Data segment:
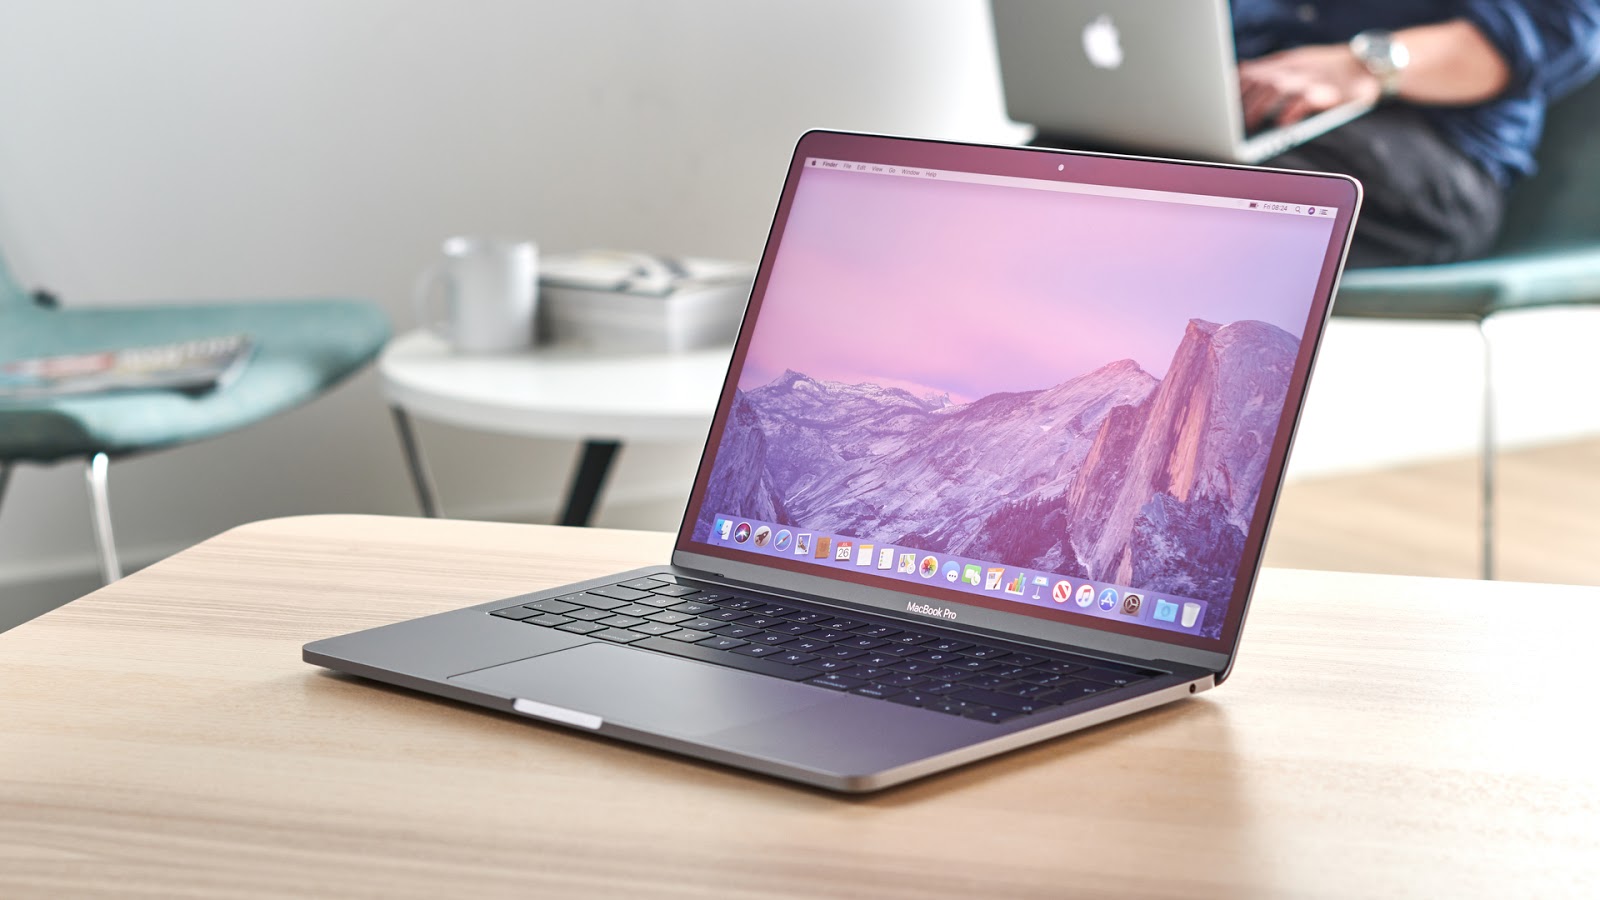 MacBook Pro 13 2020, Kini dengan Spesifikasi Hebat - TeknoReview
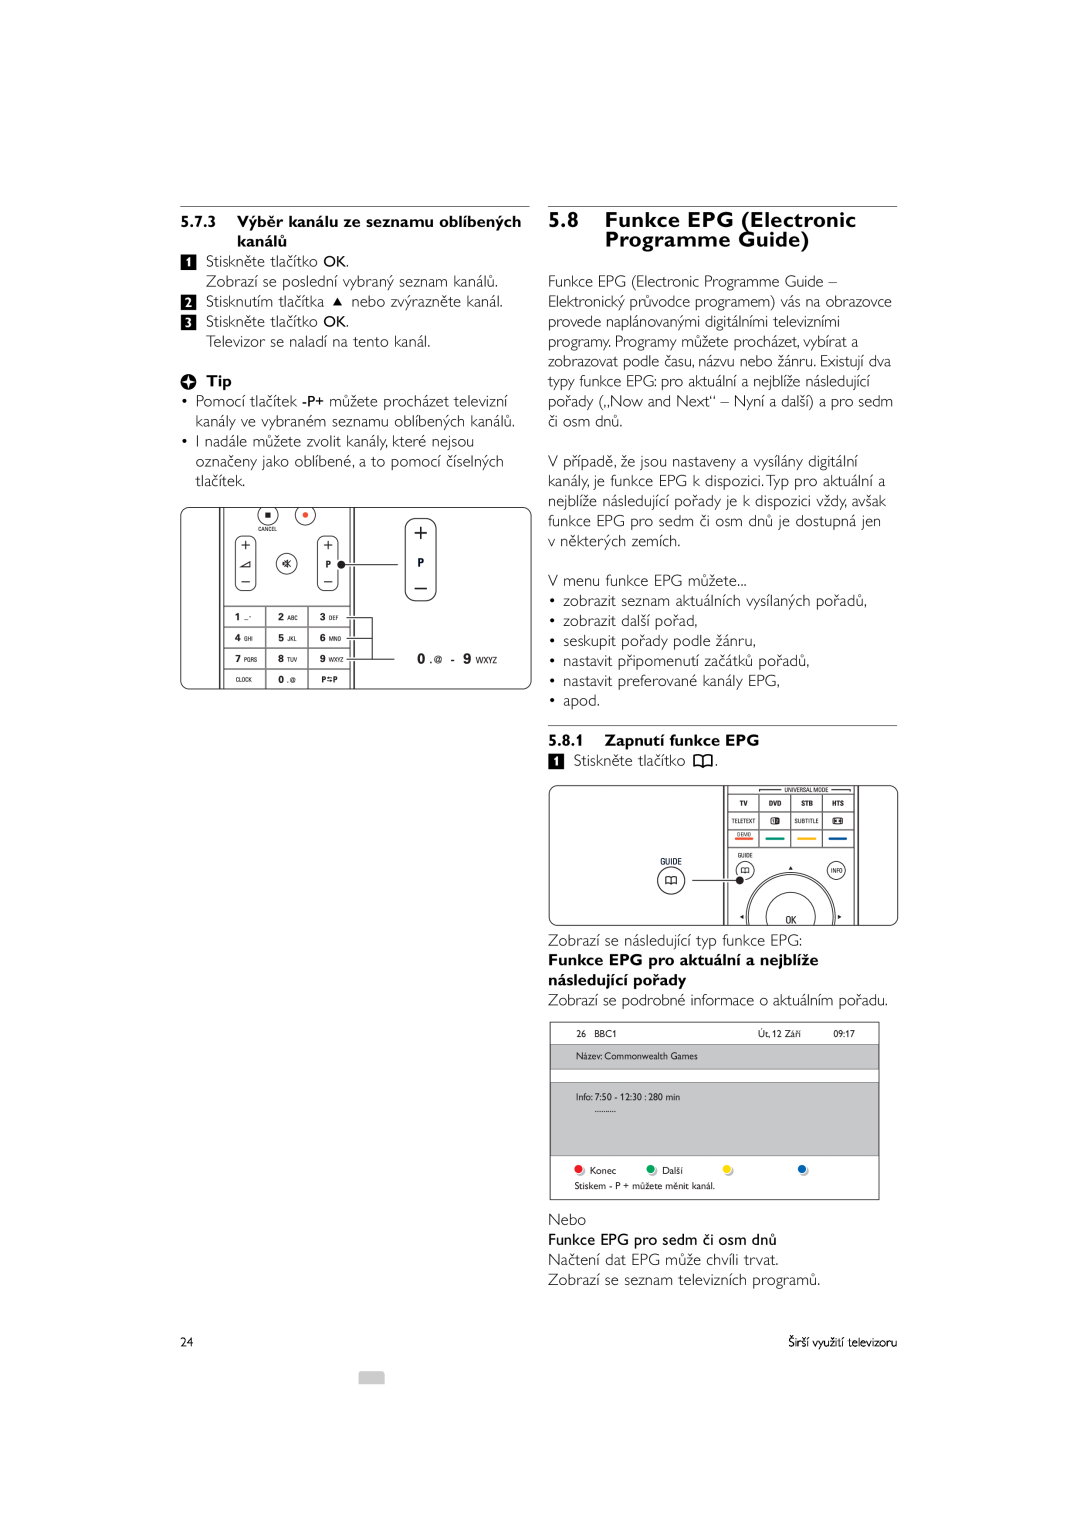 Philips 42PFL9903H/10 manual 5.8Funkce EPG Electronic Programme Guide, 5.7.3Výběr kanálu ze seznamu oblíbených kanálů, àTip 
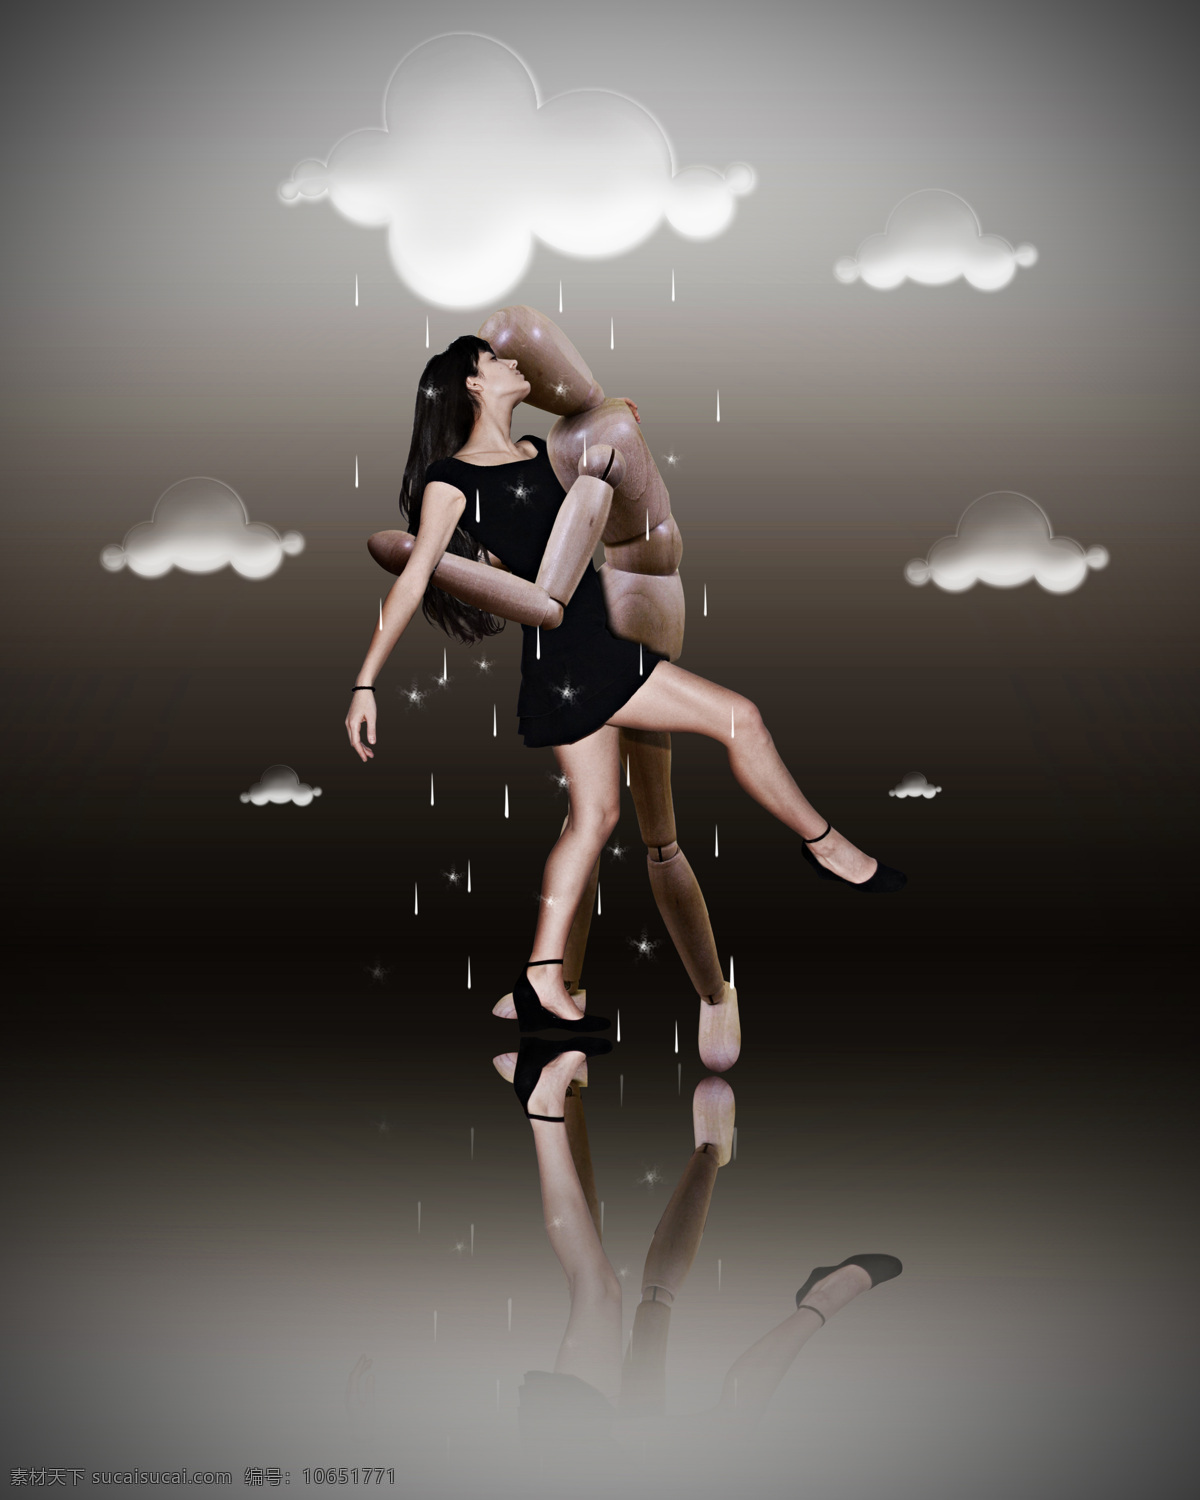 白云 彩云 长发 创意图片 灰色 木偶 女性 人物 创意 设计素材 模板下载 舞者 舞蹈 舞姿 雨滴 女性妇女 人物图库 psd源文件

What is expected:
Everything in the data except the pictures must appear in your answer unchanged.

Response for this exercise:
 MacBook Pro 13 2020, Kini dengan Spesifikasi Hebat - TeknoReview
 Philips 42PFL9903H/10 manual 5.8Funkce EPG Electronic Programme Guide, 5.7.3Výběr kanálu ze seznamu oblíbených kanálů, àTip 
 白云 彩云 长发 创意图片 灰色 木偶 女性 人物 创意 设计素材 模板下载 舞者 舞蹈 舞姿 雨滴 女性妇女 人物图库 psd源文件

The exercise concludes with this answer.